Hummingbird Bioscience buzzes with $125M series C led by Novo Holdings

Hummingbird Bioscience buzzes with $125M series C led by Novo Holdings

Hummingbird Bioscience can chirp a little louder this morning with an oversubscribed $125 million series C led by Novo Holdings, the investment arm of Novo Nordisk.

The Hummingbird financing signals one of the first investments in a privately held Asian biotech by the Danish pharma company. Novo recently created Novo Holdings Equity Asia Pte. Ltd. in Singapore to focus on Asian life sciences investment.

Novo was joined by Amgen Ventures, another investment fund run by a big pharma that has a strategic collaboration with Hummingbird for cancer research. Other new investors include Frazier Healthcare Partners and Octagon Capital, while existing investors SK Inc, Heritas Capital and others also contributed.

Novo has followed the Singapore and U.S.-headquartered biotech’s progress for several years, Partner Kenneth Harrison said in a statement.

“We believe that Hummingbird’s novel data-driven, systems biology approach brings new precision to the field of antibody drug discovery and development and are proud to support the team in realizing their vision,” said Harrison, who will join Hummingbird’s board.
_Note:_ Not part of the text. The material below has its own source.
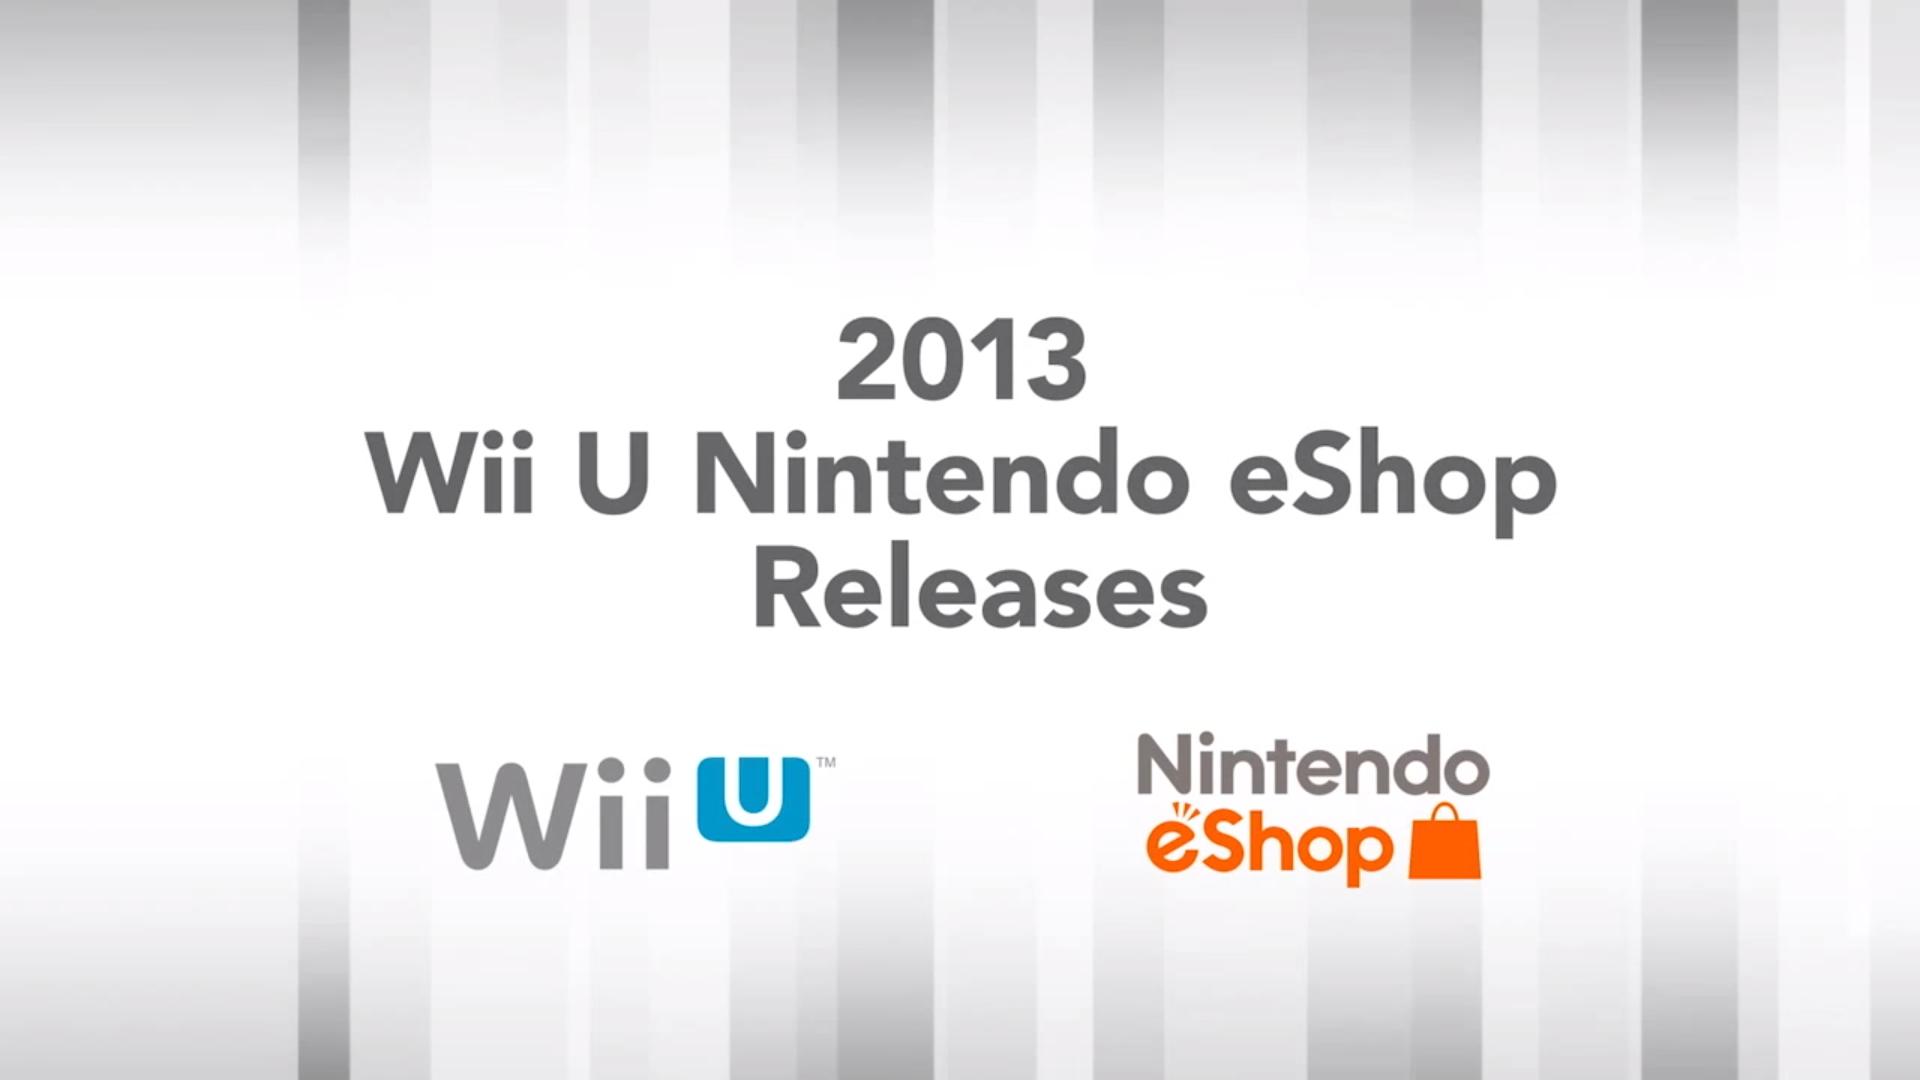 2013 Nintendo Wii U eShop Releases

Hummingbird joins a large portfolio of Novo investments. The firm recorded 39 public investments and 33 venture financings in 2020 and participated in the initial public offerings of Aligos Therapeutics, Praxis Precision Medicines and others. Hummingbird previously raised more than $65 million in previous funding rounds.

The new financing will “propel and catalyze” Hummingbird’s delivery of precision therapies for cancers and autoimmune diseases “faster and better,” CEO Piers Ingram said in a statement.

“Over the past year we have expanded our team and solidified partnerships to enhance our capabilities and bring precision medicine to the core of everything we do,” Ingram said.

One of the beneficiaries of the financing is Hummingbird’s lead asset, HMBD-001, a HER3 antibody for neuregulin 1 (NRG1)-fusion and HER3-driven tumors. HMBD-001 aims to interfere with the HER3 antibody and inhibit tumor growth.

Hummingbird found that HMBD-001 did just that in preclinical models, according to data issued in January 2020. The company said the asset would move into phase 1 testing in the second half of 2020 in a partnership with Cancer Research UK. The FDA’s Clinical Trials database did not have any trials listed for HMBD-001 and the company has not provided an update on whether the trial has landed in the clinic.

Further funding will go to HMBD-002, an anti-VISTA monoclonal antibody that inhibits tumor growth, according to preclinical models. Hummingbird will also expand its Rational Antibody Discovery platform and advance a pipeline of other precision therapeutics, such as HMBD-009.

Besides the collaboration with Amgen, Hummingbird signed a cancer antibody pact with French drugmaker Sanofi in 2016.